INFORMATION SUPPLIED:
__________

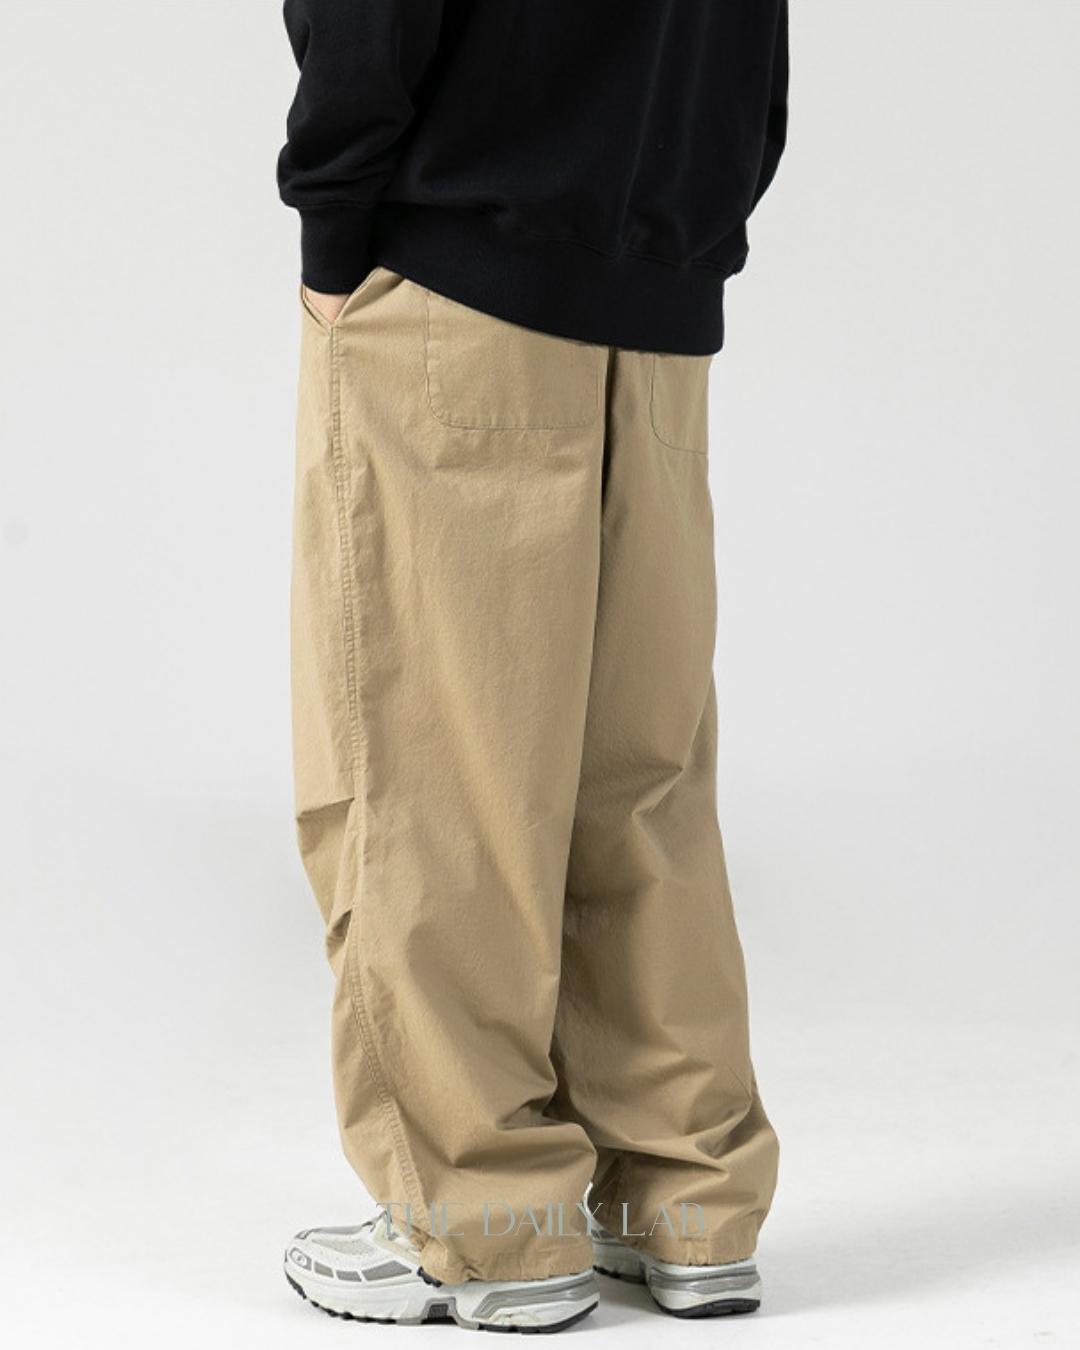 Vintage Loose Fit Casual Long Pants in Khaki – The Daily Lab
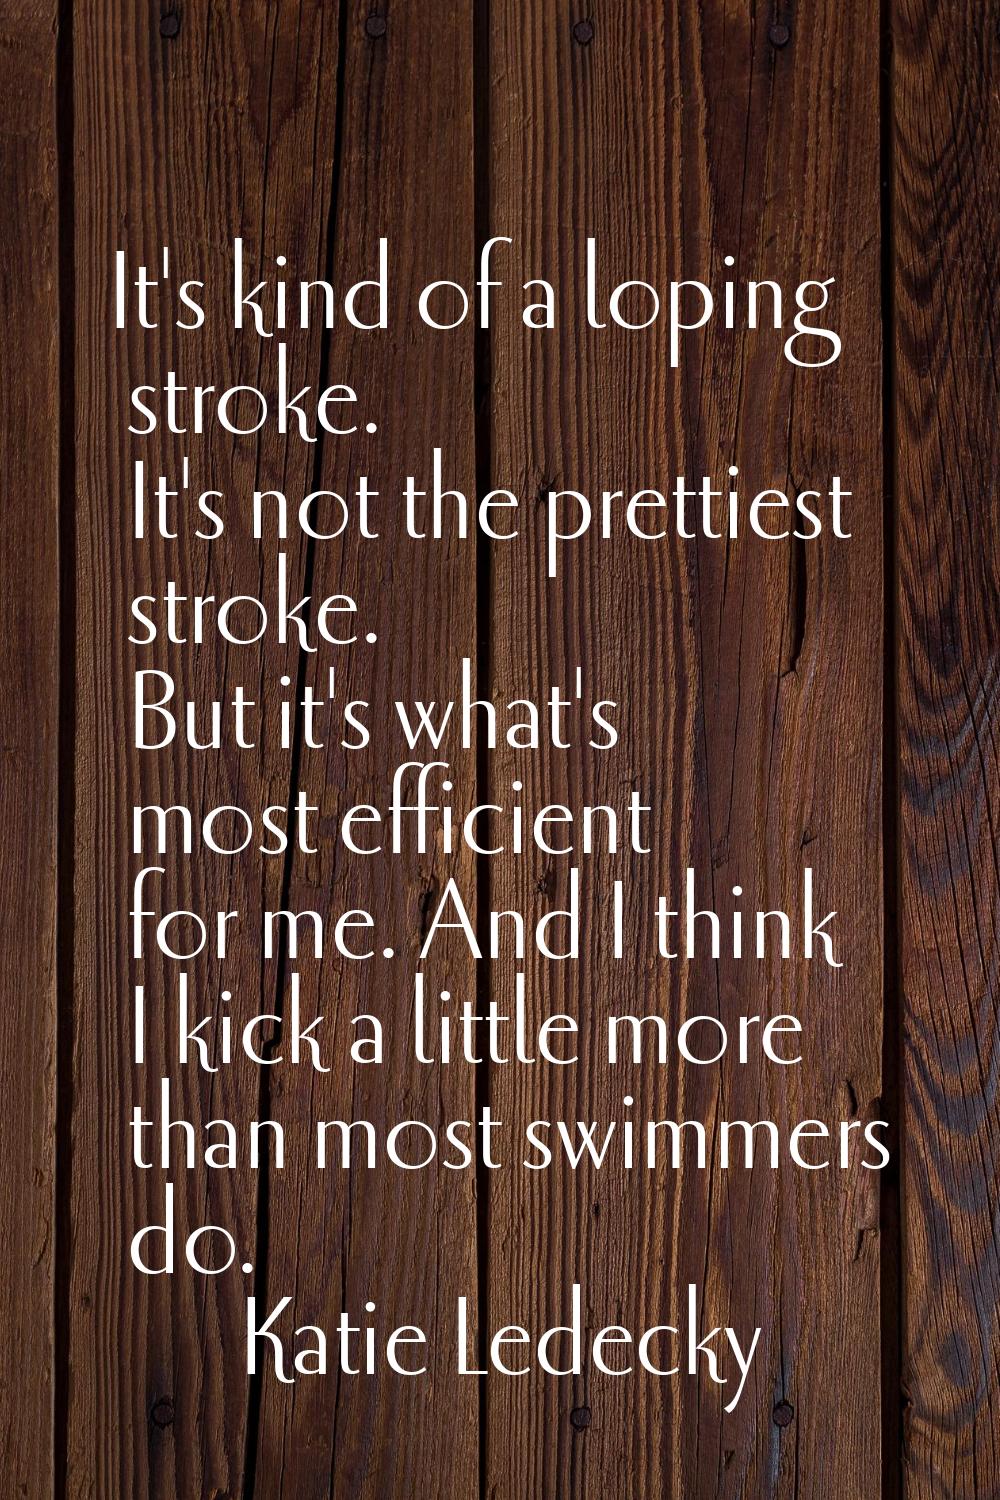 It's kind of a loping stroke. It's not the prettiest stroke. But it's what's most efficient for me.
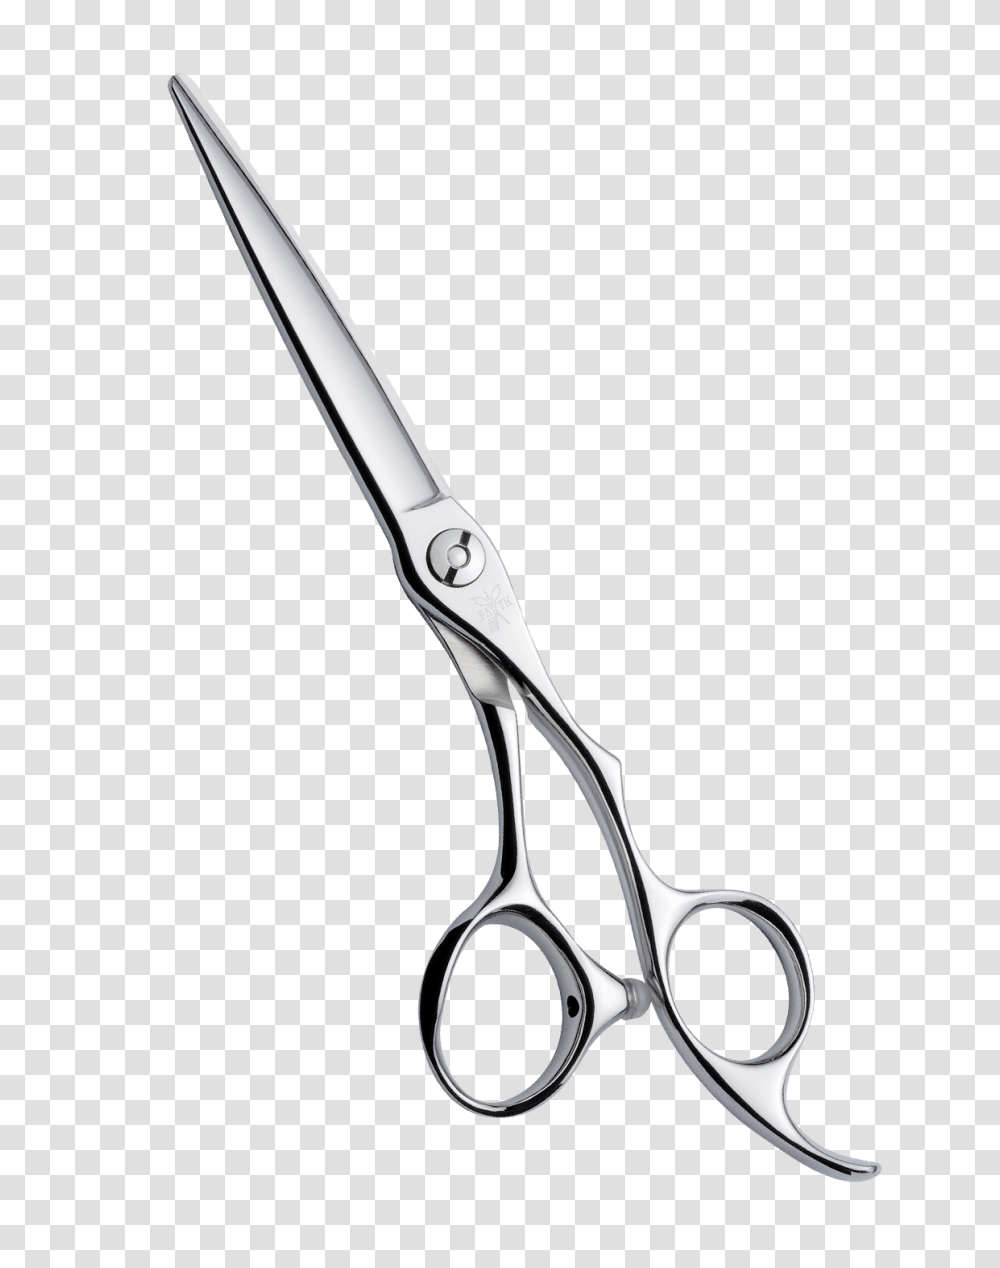 Barber Scissors Clip Art, Weapon, Weaponry, Blade, Shears Transparent Png
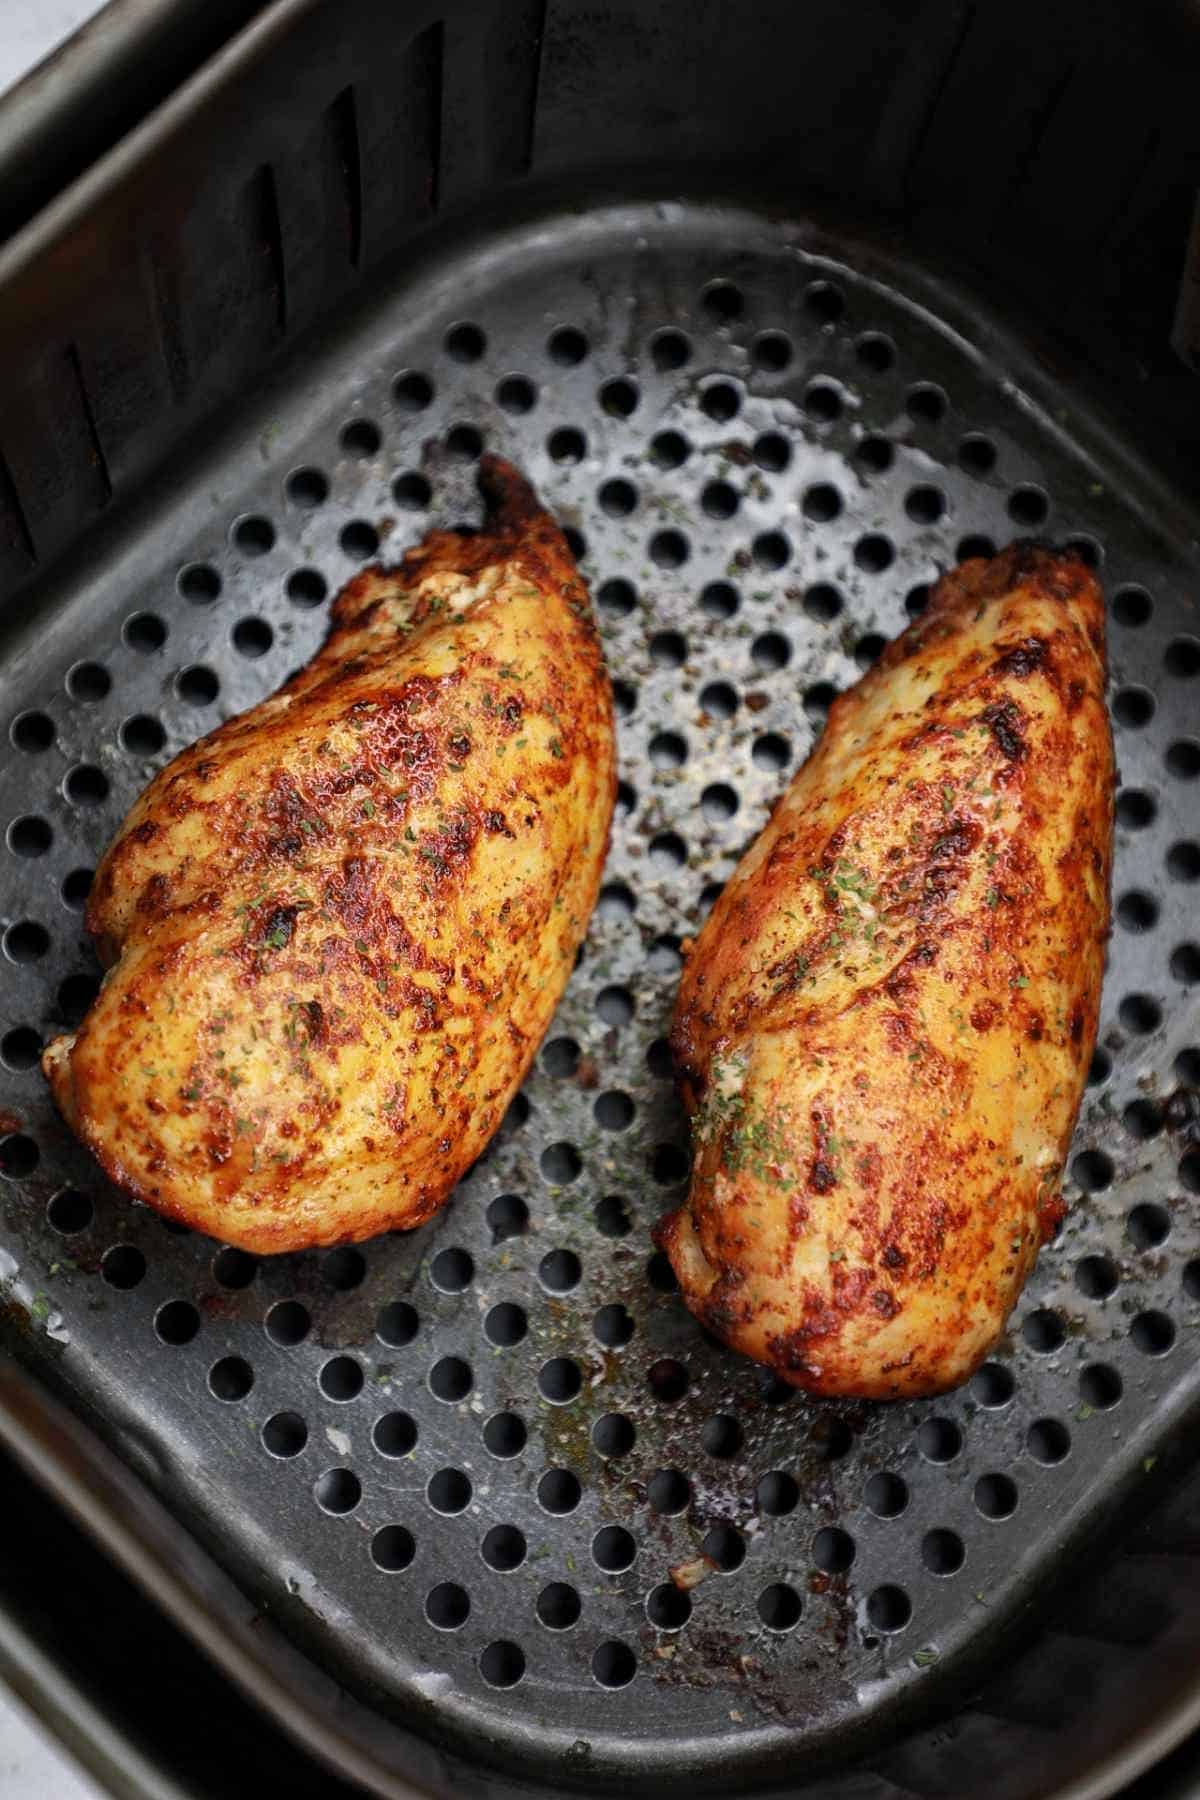 the cooked chicken displayed in the air fryer.

__________

REQUIRED ACTION: Pictures aside, give the data again exactly as it appears.

SOLUTION:
 Vintage Loose Fit Casual Long Pants in Khaki – The Daily Lab
 It's kind of a loping stroke. It's not the prettiest stroke. But it's what's most efficient for me.
 Barber Scissors Clip Art, Weapon, Weaponry, Blade, Shears Transparent Png
 the cooked chicken displayed in the air fryer.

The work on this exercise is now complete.